It has been a hot summer, one of the hottest on record. Drought has destroyed crops throughout America’s farmlands. Many of us on the east coast learned a new weather term, derecho, to describe the brutal line of thunderstorms that knocked out power for days in the region.
Meanwhile, scientists expressed incredulity over the rate and extent of ice melt in Greenland and Earth’s polar regions. In response, some experts warned that their earlier predictions about the pace of climate change had been too optimistic. It’s coming faster than they had feared, they claimed, and this year’s weather-related disasters are just a sneak preview of things to come.
Expressed in that context, many of us probably think that climate change is a meteorological event best measured using thermometers and rainfall gauges. There’s another aspect to rising temperatures, however, that should trouble us far more than that: violence.
Horrific shootings grabbed the headlines far too many times this summer, leaving many of us stunned and feeling helpless. The obvious debate centered around gun control and the easy explanation that firearms were to blame. While access to weapons certainly deserves our continued attention, we also need to consider other factors that might motivate individuals to use weapons against one another.
As it turns out, the weather may be one such factor.

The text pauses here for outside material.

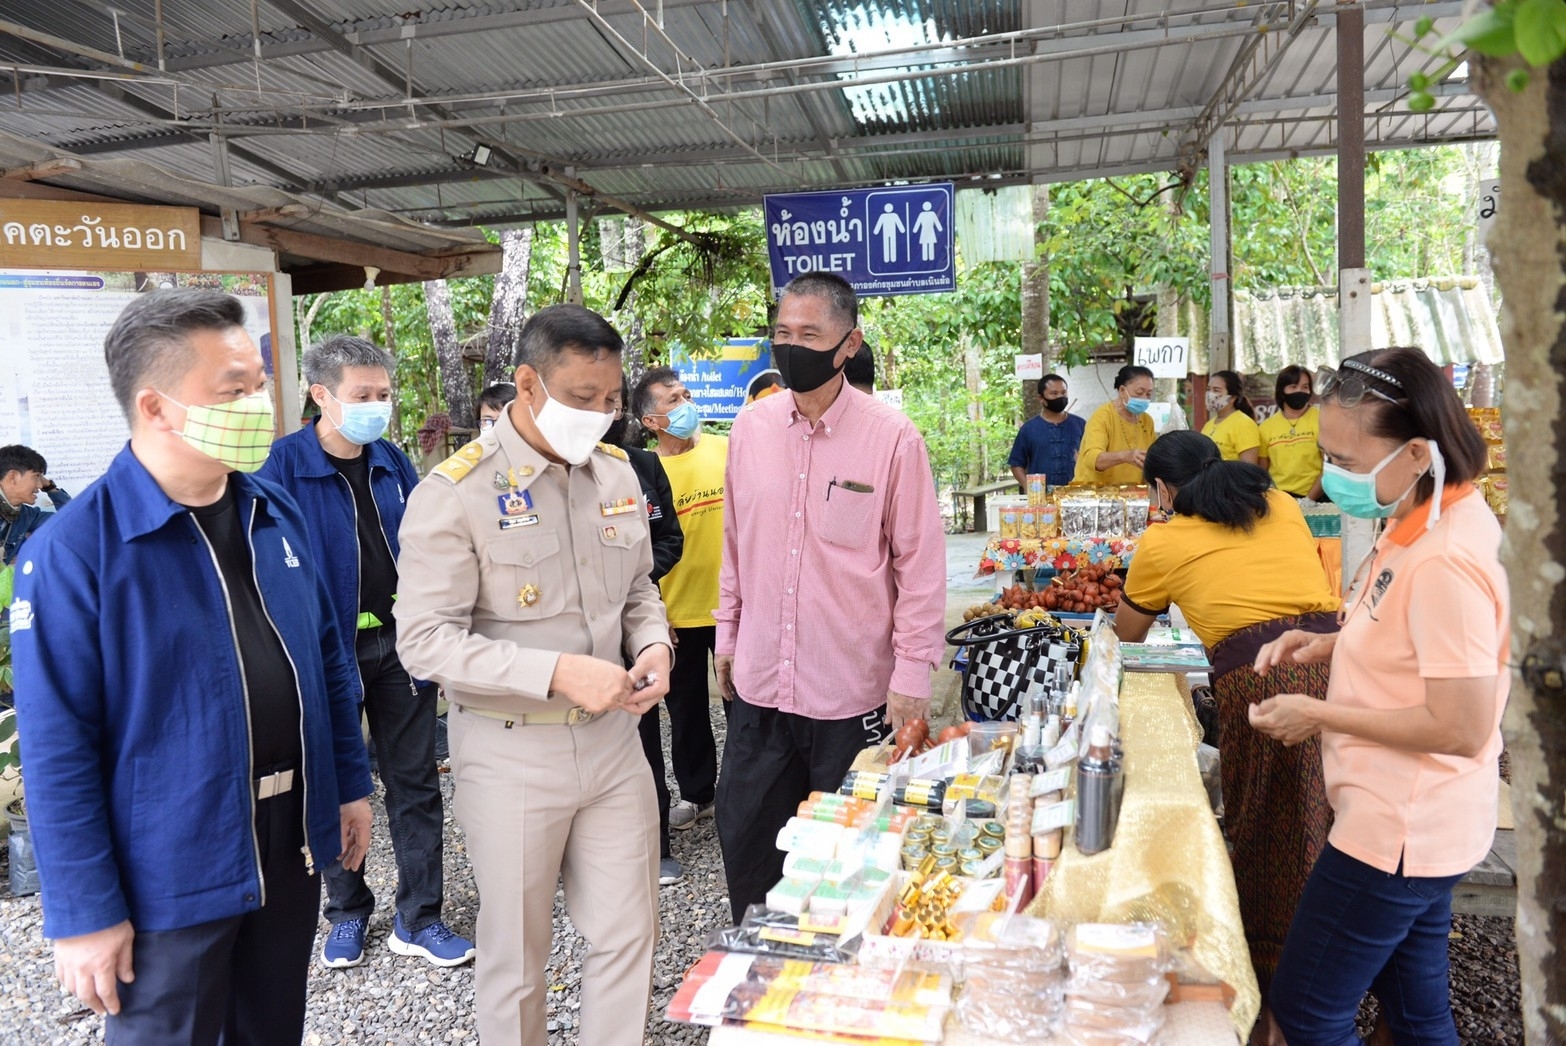 ทีเส็บเปิดตัวแคมเปญส่งเสริมไมซ์ในประเทศ ประชุมเมืองไทย ปลอดภัยกว่า

Sociological studies have linked rates of aggression to temperature. Physiological studies have demonstrated connections between heat and increased heart rates, increased testosterone production, and other metabolic changes. We can find traces of this link in our own language: “A hothead wrote a flaming comment about my blog and really got my blood boiling.” Some studies have suggested that higher temperatures not only make us more prone to violence; they make us more tolerant of it as well. In this way, we become too hot to be bothered.
Though I wouldn’t place too much stress on a causal link between the two, I find it interesting that the temper of our political climate seems to be rising along with the temperatures, especially in this, an election year. Even as I’m drawn in like a moth toward the flame, I try to keep my cool, to chill out as often as possible. With all of the hot air being produced by political rhetoric, I look for the socio-psychological equivalent of carbon offsets wherever I can.
Having a puppy in the house seems to help. Reading good books seems to do the trick. Walks through the woods to pick berries provide some relief. These are personal and highly localized solutions, of course. It will be interesting to see what kinds of remedies we might envision on the national or global level as the climate continues to heat up.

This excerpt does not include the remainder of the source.